Приход сюда был бессмыслен. Флоринский рассказывал о каком-то приеме у Ежова третьего дня, в честь велопробега пограничников. Агранов сострил, Николай Иваныч поморщился. Николай Иваныч сказал, Николай Иваныч провозгласил... Прислуга, дородная дама в наколке, чем-то похожая на жену Флоринского - такая же черноволосая, гладкая, с белой кожей,- несла, трясясь и придерживая плечом и подбородком, поднос с закусками, нагруженный как подвода. Арсюшка хотел сначала ошеломить, а потом разговаривать. Николай Григорьевич, скучая, оглядывал столовую, имевшую музейный вид: какая-то темная старина в бронзовых рамах, фарфор, хрусталь, буржуазность. "Ну и ну! - думал Николай Григорьевич.- Кто ж тебе ворожит?
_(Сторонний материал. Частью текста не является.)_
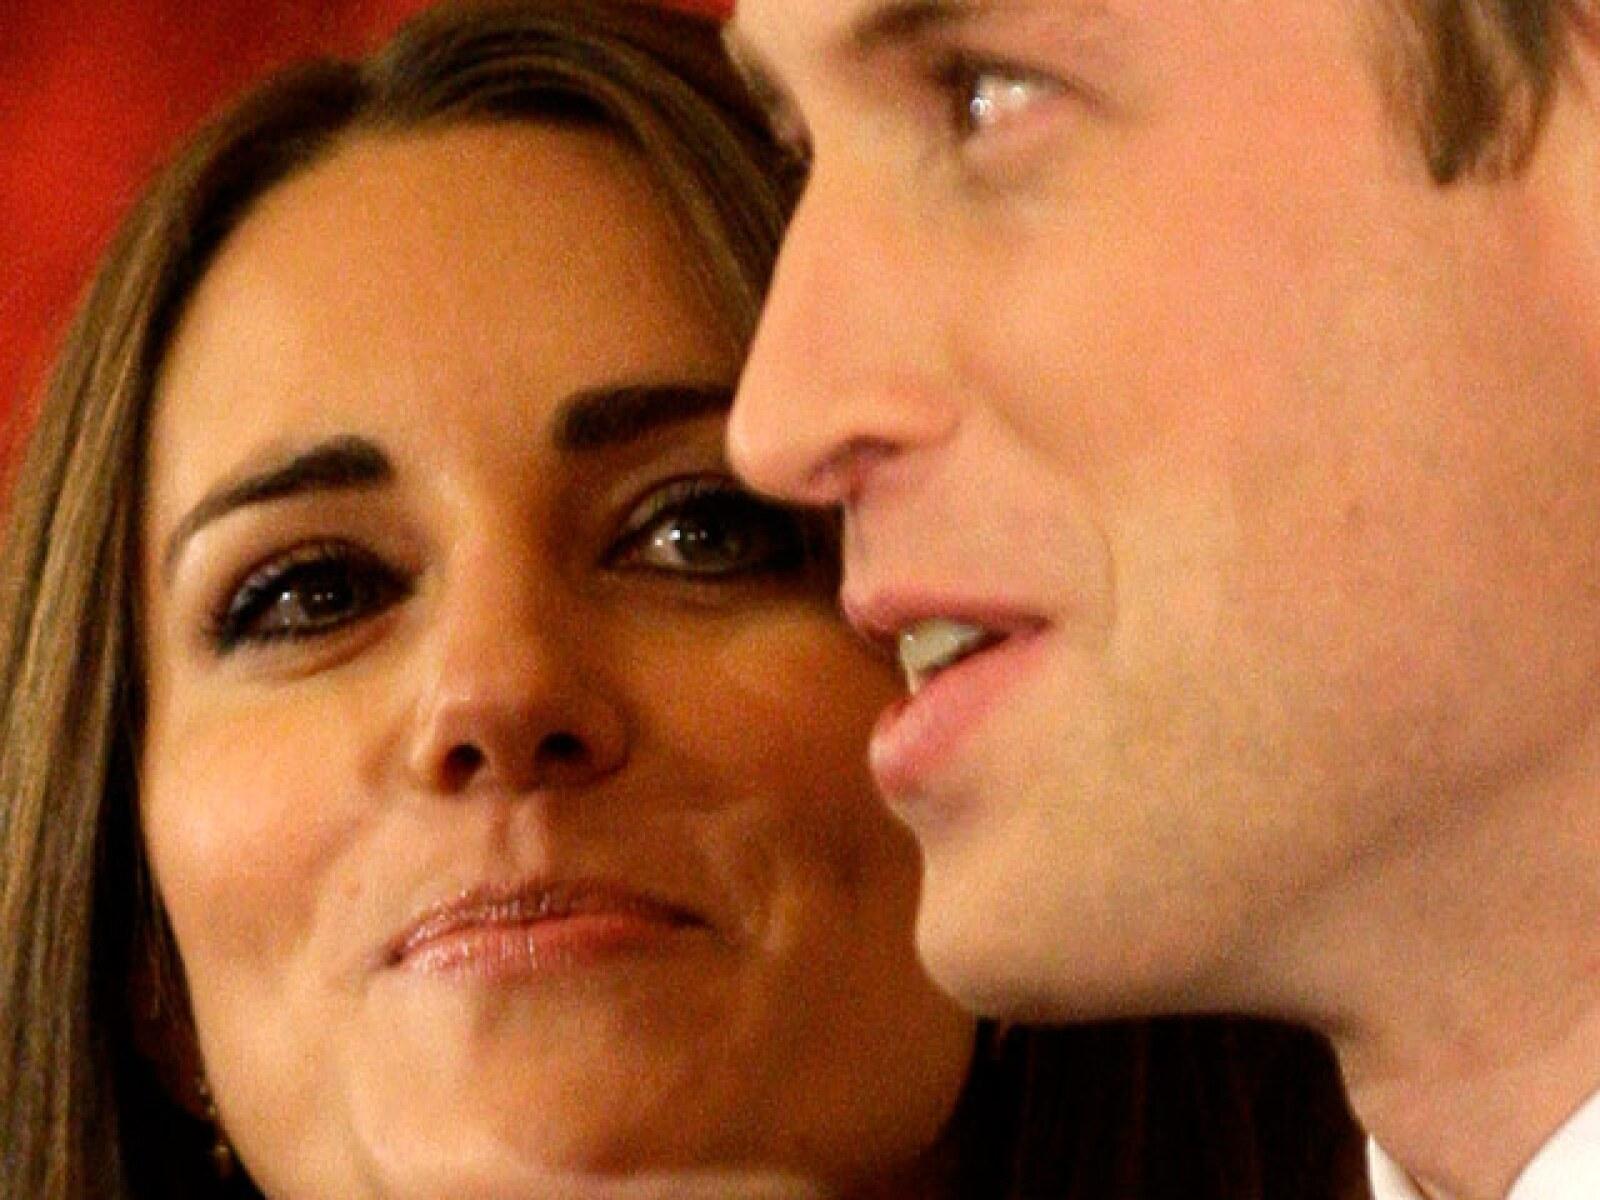 El príncipe le dio a su prometida el anillo de compromiso que su padre, el príncipe Carlos, le diera alguna vez a la difunta Lady Di.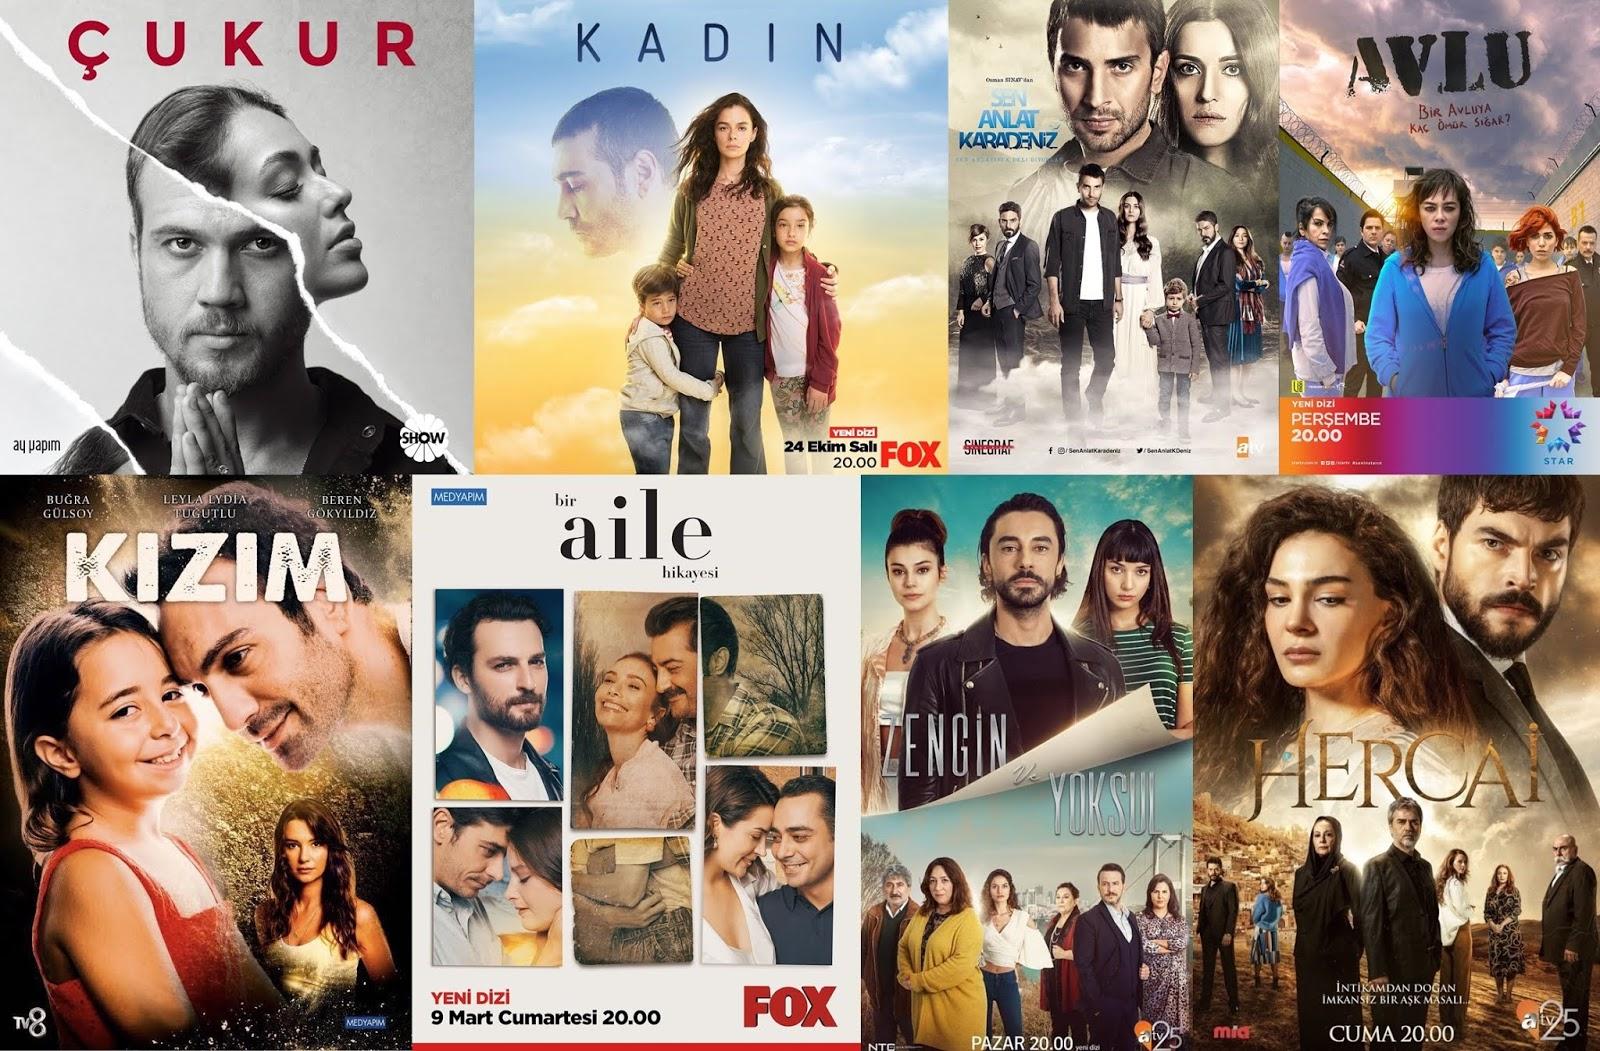 Dizi Avlu Izle kış sezonu İzlediğim türk dizileri (2019)

В прежние времена твое бы место - в райотделе, уполномоченным".
Арсений Иустинович Флоринский, хоть и выпил за день немало, был совершенно трезв и сквозь шуточный разговор, закуску и музыку (дочка завела патефон с французскими пластинками) смотрел на нечаянного гостя с тайно-жадным вниманием. Заметной чертой характера Арсения Иустиновича, чертой, определявшей многие поступки и, может быть, само поступательное и энергичное движение его жизни, было редкое злопамятство. Коварство природы заключалось в том, что столь отвратительным свойством она наградила человека на вид простодушного, курносого, со здоровым спортивным румянцем, располагающей улыбкой и голубыми глазами.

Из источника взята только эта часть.